January is generally a hotbed of unhelpful messages about losing Christmas weight anyway, but this year, after months spent in lockdown due to the coronavirus pandemic, the pernicious directives about slimming down and toning up are sure to be even more virulent than usual. 

Let me make one thing clear: no one has the right to shame you for gaining weight over the past year. So many of us have absorbed high levels of stress and trauma during the pandemic, and our mental health has been put at risk through loneliness, lack of routine and grief. 

Unfortunately, there are people in our lives who might feel that it’s their place to make comments about our weight. Whether they are friends, family members or strangers, their words can cause unnecessary distress.  

I find comments about my lockdown weight gain incredibly damaging, as someone who has struggled with eating disorders since I was in my early teens.

Anorexia was so interwoven into the fabric of my life that I never thought I would recover. Years later, I am lucky to be alive and have a body as healthy as the one I currently reside in. I still struggle with disordered eating impulses, and critical or “concerned” remarks about the extra pounds I’m carrying from the stress and inactivity of lockdown throw me straight back into a prison of disordered thoughts and self-hatred. 

Gaining weight has forced me to come face to face with my own internalised feelings of shame around my body shape and size. I ended up asking myself questions about whether I was still a worthwhile person even though I could no longer be described as “thin”. I had to address why my sense of self was so bound up with being a particular dress size. 
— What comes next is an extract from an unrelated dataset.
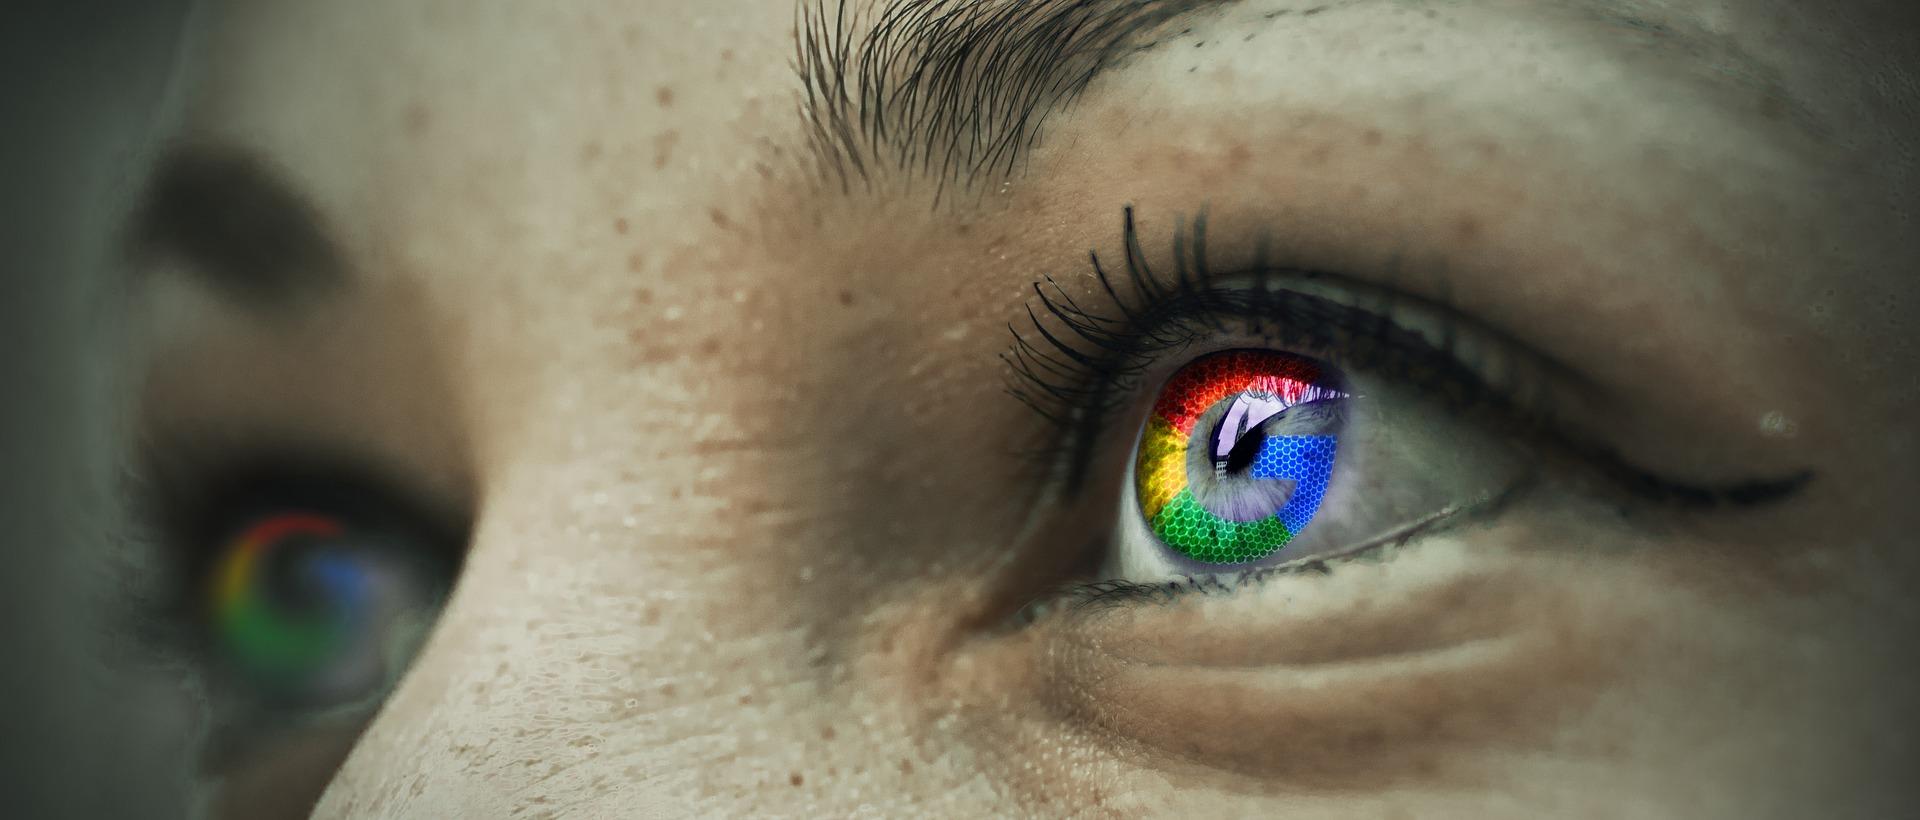 Redes sociales, ¿una amenaza para nuestra privacidad?

Christmas is a hugely difficult time of year for people with eating disorders, due to increased pressure around food and sharing meals. It’s tough for people who struggle with disordered patterns of eating that don’t meet the criteria of major EDs like anorexia, bulimia or binge eating disorder. It may also be tricky for those whose bodies have changed over the course of a year filled with uncertainty and loss. 

Whatever your Christmas plans are during this time of strain and isolation, remember that you don’t deserve to be shamed for any changes your body may have undergone. 
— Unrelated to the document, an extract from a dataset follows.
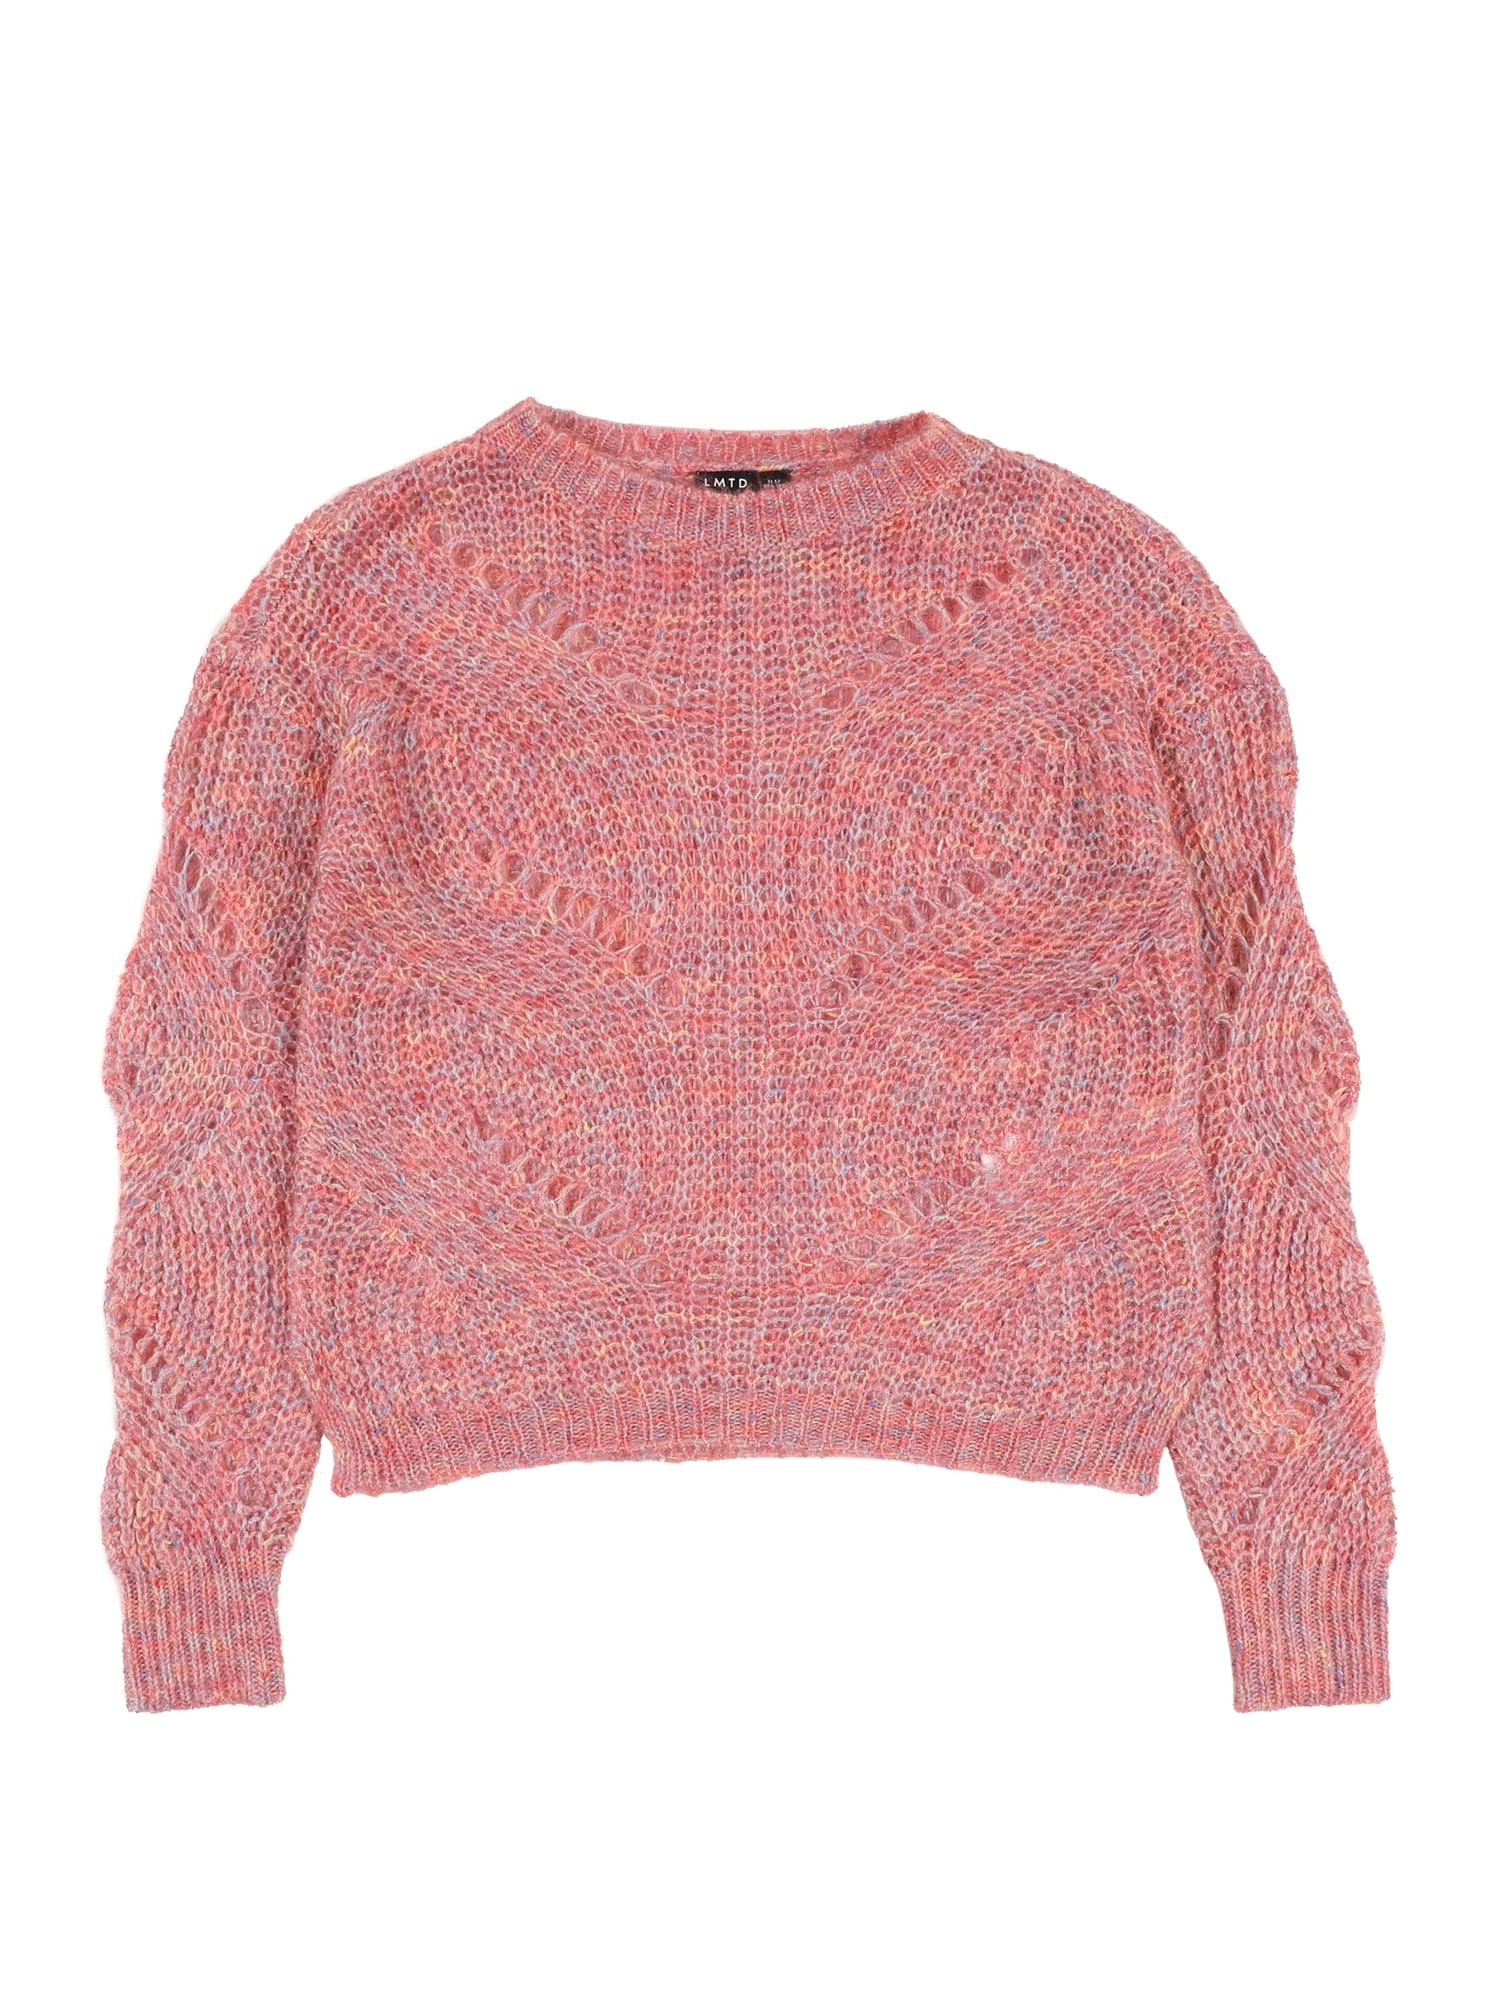 LMTD Megztinis rožinė

“Before you buy into toxic diet culture this coming January, remember that fatphobia is not only rooted in racism, but inextricably linked to ableism and class politics.”
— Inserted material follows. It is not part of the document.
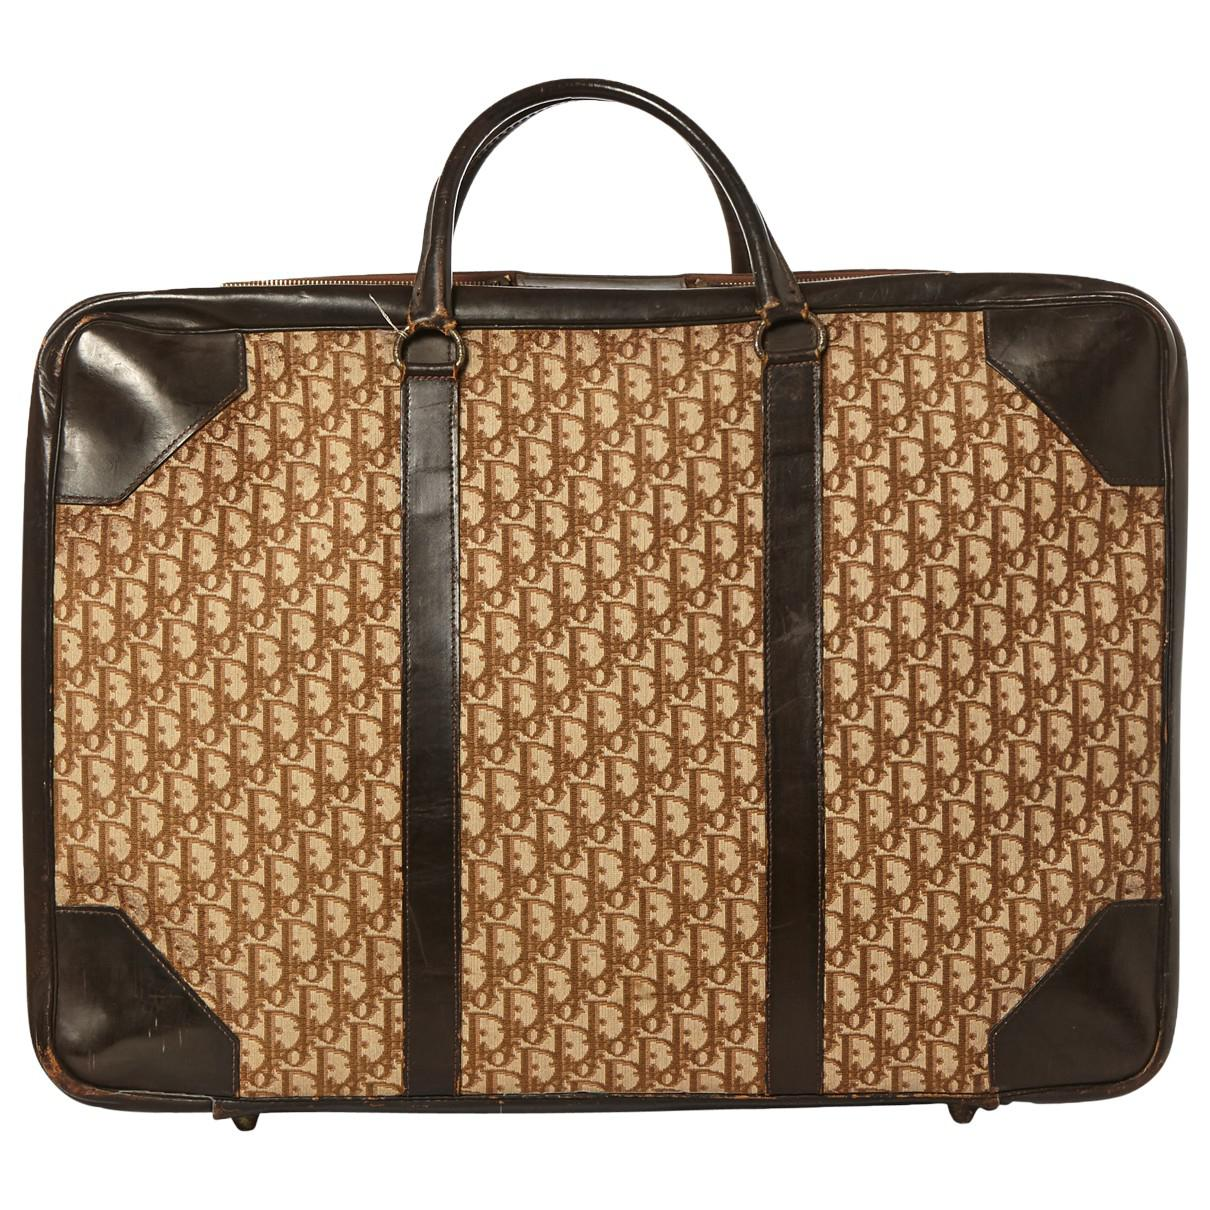 Dior Pre-owned - Cloth travel bag 1qEC0qw

If someone you know has gained weight over the past year, it’s definitely not a good idea to comment on it. Their body is their business, not yours. You’re not doing them any favours by pointing out the change. Don’t make the mistake of thinking that you’re doing it for “their own good” or with their health in mind.

People can be unhealthy at any weight, and I should know. I was diagnosed with osteopenia, the step before incurable osteoporosis, in my spine when I was dangerously underweight. I had no energy, my hair and nails were damaged and I had wasted muscles in my arms. Thinness does not equal health. 

Fatphobia, a form of bigotry that equates fatness with ugliness, lack of self-control, immorality and poor health, has deep roots in anti-Black racism and white supremacy. This goes back to when racist pseudoscience was in vogue.

People of colour are still routinely shamed and discriminated against for their weight, in the medical community and in wider society. This ties into how POC have been blamed for their greater vulnerability to Covid-19, when racism and racial inequality are the risk factor for the disease.

So before you buy into toxic diet culture this coming January, remember that fatphobia is not only rooted in racism, but inextricably linked to ableism and class politics.

When people’s routines, all over the world, are thrown out of kilter due to the impact of a global pandemic, it’s likely that many people’s weight will have changed. Don’t comment on someone’s weight, whatever the situation, but particularly don’t shame them in the midst of a pandemic.

And as for me, I might not be as slim as I once was, but I’m still here and still fighting to see myself as more than my size. 

Harriet Williamson is a writer, artist and activist, based in London.